We left Timberhead early in the morning after the usual night of rain. The six of us piled into an African Queen-like boat called the Elizabeth II. No one knew the reason for this name- it didn't seem to matter. Our first leg was a quiet, putting journey along the creek, guided by Junior, our shy, smiling boat driver. He was adept at quick stops and turns when Mike, our bird guide would hold up his hand, signalling a sighting. I learned to sit solidly, feet planted firmly for these unexpected stops. Birds large and small swept across the water before us- vines, bamboo and small trees looped and leaned into the water. Long, narrow wood canoes holding one or two people pulled alongside, watching the big, white strangers in the silver boat.
We rounded a bend and suddenly we were in big water: the Demarara River, silvery, wide and flat. A sudden violent storm blew up from behind us, causing both shores to disappear completely behind curtains of blowing rain. Several inches of water quickly gathered on the floor of the partially open boat, and much of Junior's gear floated near our feet. Junior was soaked but smiling, drinking Sprite and looking like he hadn't a care in the world. As the Elizabeth II tootled gamely along, the shores finally began to reappear, dim and far away. Junior pulled us closer to river right and suddenly out of nowhere, an opening in the dense jungle appeared. Two or three old army trucks, looking WWII vintage, rusted in the rain forest clearing.
After securing us to the steep, muddy bank, Junior produced a wonderful lunch of fried egg sandwiches, plantain rolls (fried in butter!) and pineapple. As we were finishing, two very muddy Toyota trucks pulled up driven by two smiling brown men. All of us piled into the tarp -covered back of one truck and we rode, military style, thumping and banging over twenty-six miles of very rutted sand road to Shanklands. It was the bumpiest ride I'd ever experienced. The two elder birders from New York chuckled quietly and Al said, "You think this is bad, you should have been in Madagascar!"
Shanklands was a welcome sight. Rolling green grass dotted with brilliant flowers and enormous trees, and white lattice-laced cottages dotted the sides of the lawn, shaded by trees. The Essiquibo River extended the length of our view, flat and endless. The far shore shimmered and danced in the distance.

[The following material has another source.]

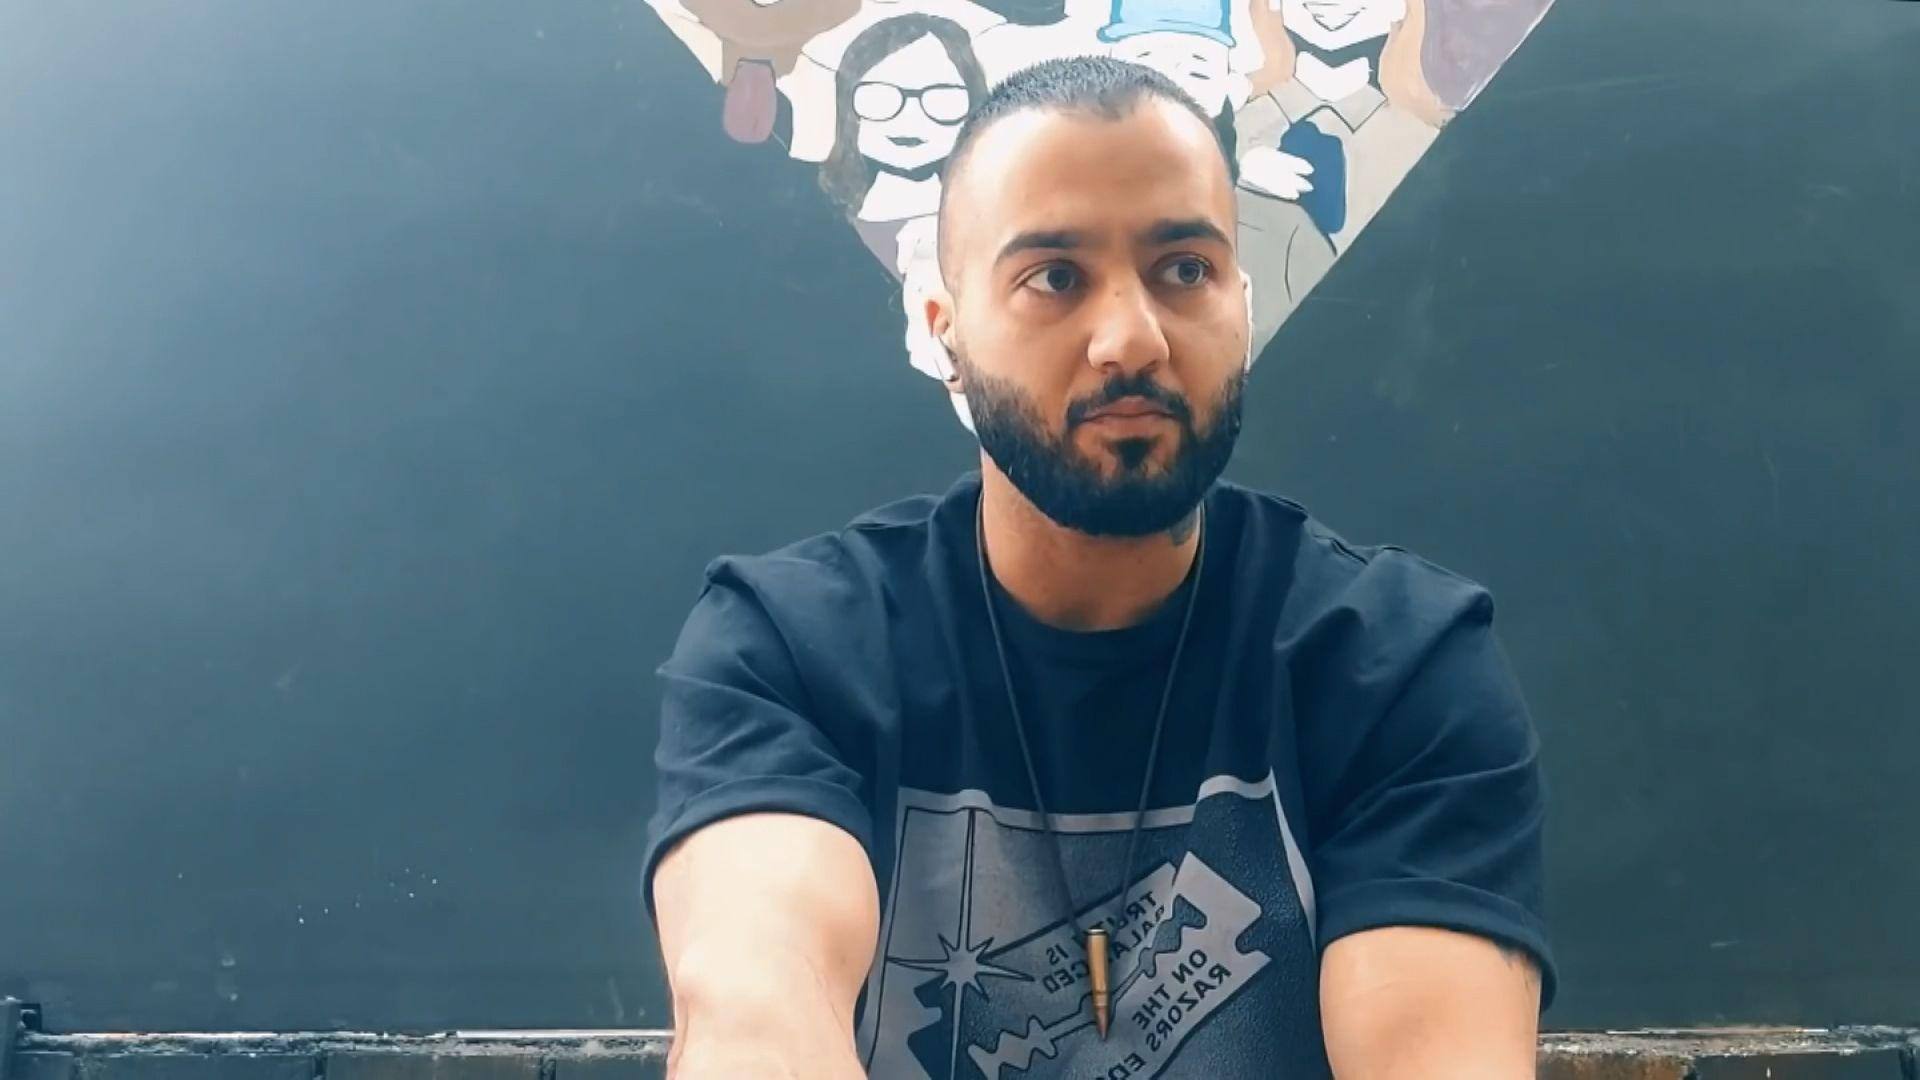 Iranian rapper sentenced to death for participating in anti-government protests

Shanklands - some memories: sitting under the kitchen awning out of the sun; listening to the torrents of rain falling on our cottage roof and splashing in pools in the grass; smelling the delicate white grapefruit blossoms from the tree outside our window at night; steep, rickety stairs to the river and the long, narrow boat dock; turquoise-colored tanagers sharing the pepper tree with the family of barbets; screeching, clamorous parrot flyovers; salt and pepper in dishes at the table; free liquor setups under the awning; homemade hot sauce that was deliciously, indescribably hot. Breathlessly humid forest walks where we heard much more than we saw; walk-in white tile showers; plumbeous kites soaring; the shy, white kitchen cat; the smelly peccary who lurked near the buildings; the loud macaw; and always, always the unending silver ribbon of river, moving away from us, away.